A phenol/chloroform prep was performed to obtain genomic DNA. Three milliliter of a turbid culture were pelleted and resuspended in 500-μL lysis buffer (20 mM Tris 7.5; 50 mM EDTA; 100 mM NaCl). Fifty microliter of 20 mg/mL freshly prepared lysozyme and 100 μg/mL proteinase K were added and the mixture. After 30–60-min incubation, 60 μL 10% (w/v) sarkosyl (N-lauroylsarkosine) was added and vortexed. Next, 600 μL TE-saturated phenol was added; the contents vigorously vortexed for 15 s and centrifuged for 5 min at 13,000 rpm. Then, the aqueous phase was removed to a new tube and 600 μL phenol/chloroform were added, the mixture vortexed and the aqueous phase removed to a new tube again. One-tenth volume (60 μL) of 3 M NaOAc was added, mixed, and two volumes EtOH were added. The tube was inverted until the DNA precipitated (4–6 times). The DNA was centrifuged down for 1 min and the supernatant removed. One-hudred fifty microliter of 70% (v/v) EtOH were added and vortexed, and the DNA centrifuged again. The supernatant was removed and the pellet air-dryed for 10–15 min. Finally, the DNA was resuspended in 100 μL elution buffer (10 mM Tris-Cl, ph 8.5).

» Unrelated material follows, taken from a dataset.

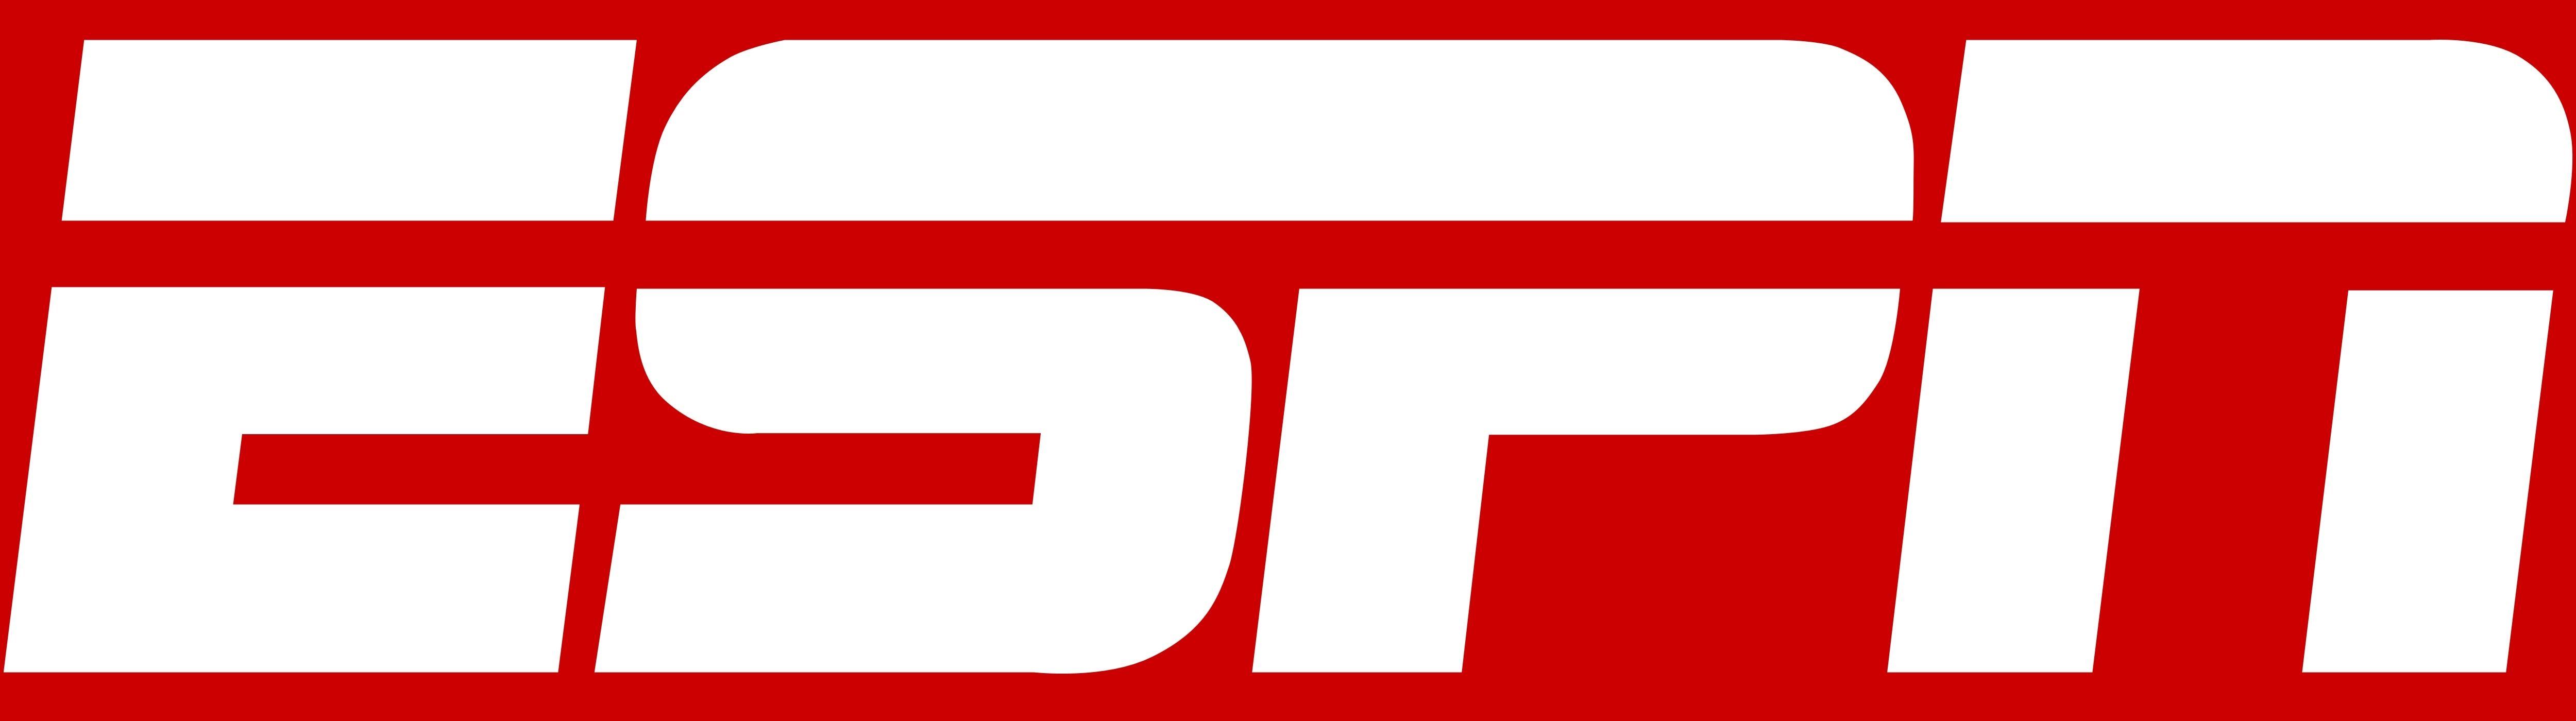 ESPN Magazine Logo - ESPN Corporate Office Headquarters & Customer Service Info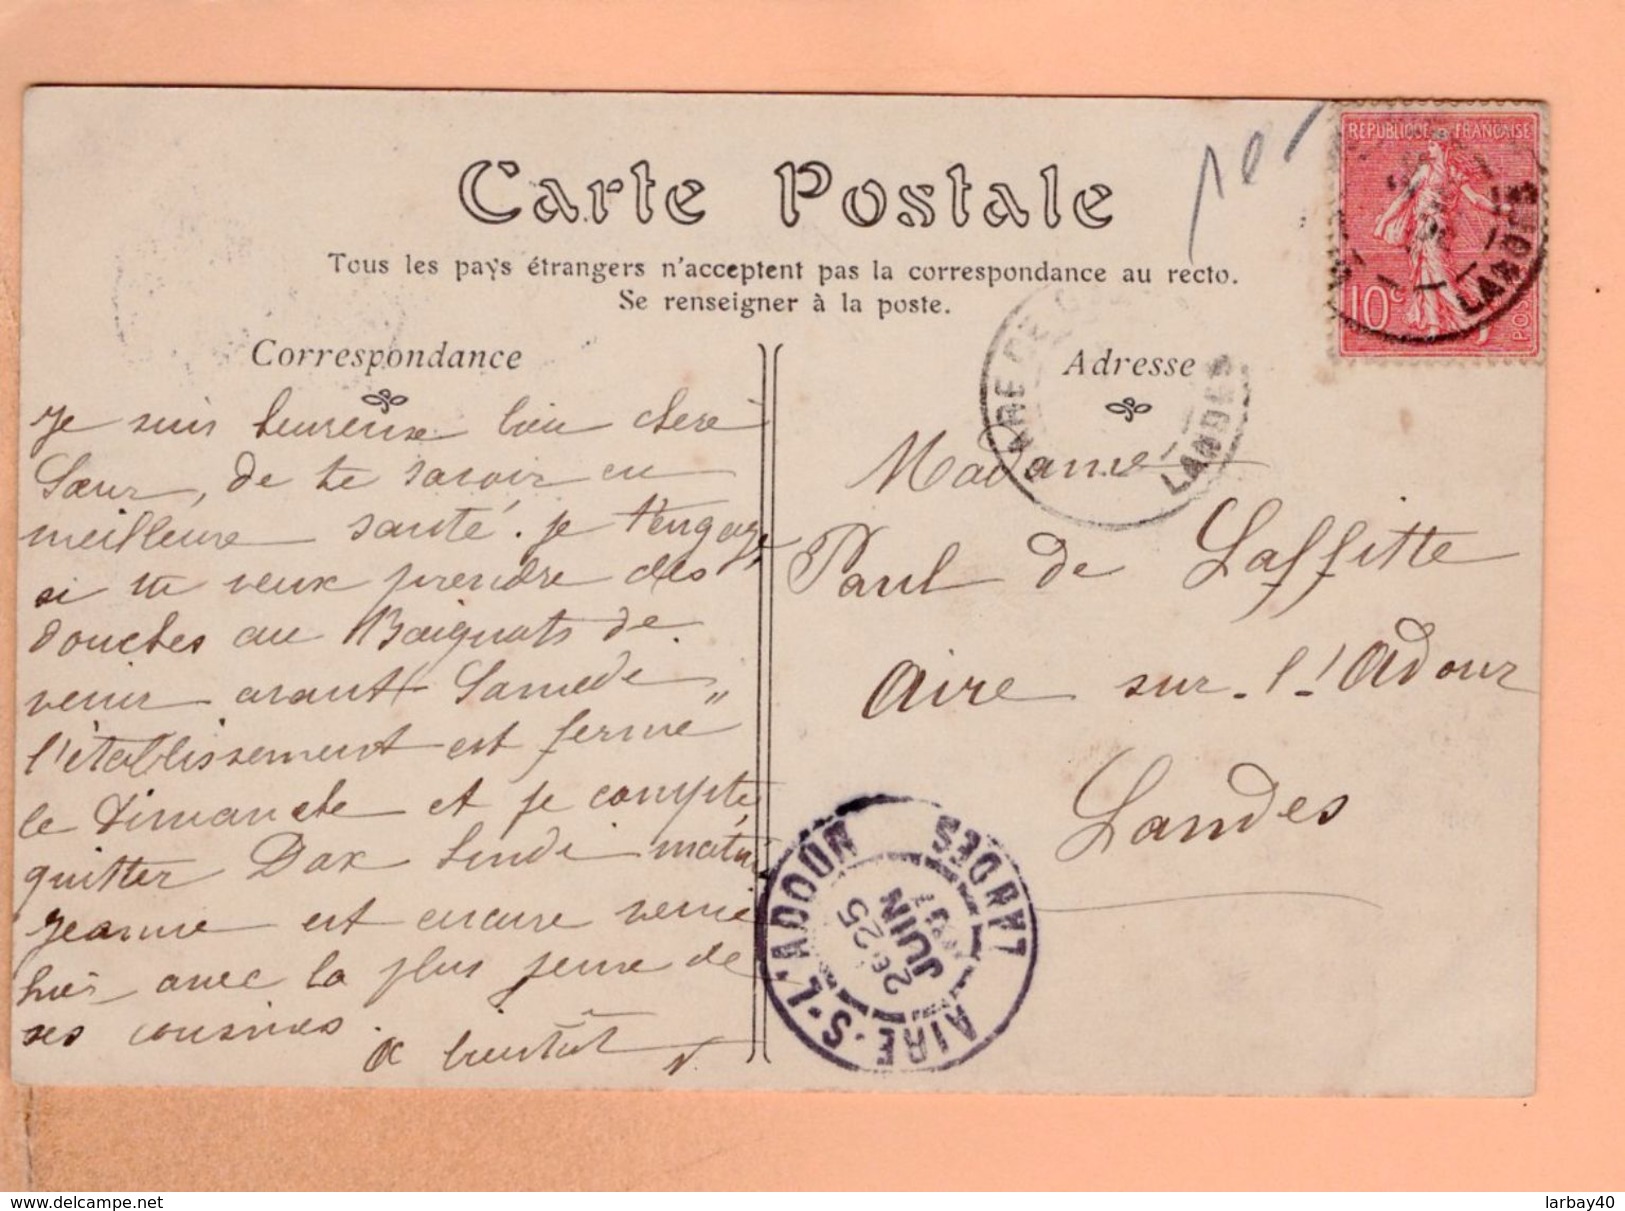 Cpa Cartes Postales Ancienne - Dax Pont Du Chemin De Fer 22 Train - Dax

Whole genome sequencing and annotation of Faecalibacterium sp. KLE1255

Five microliter of genomic DNA was sent to George Weinstock at The Genome Institute at Washington University, St. Louis, Missouri, for Illumina sequencing. The draft genome, consisting of 119 contigs, was annotated using the RAST (Rapid Annotation using Subsystem Technology) server [34] and the KEGG (Kyoto Encyclopedia of Genes and Genomes) database.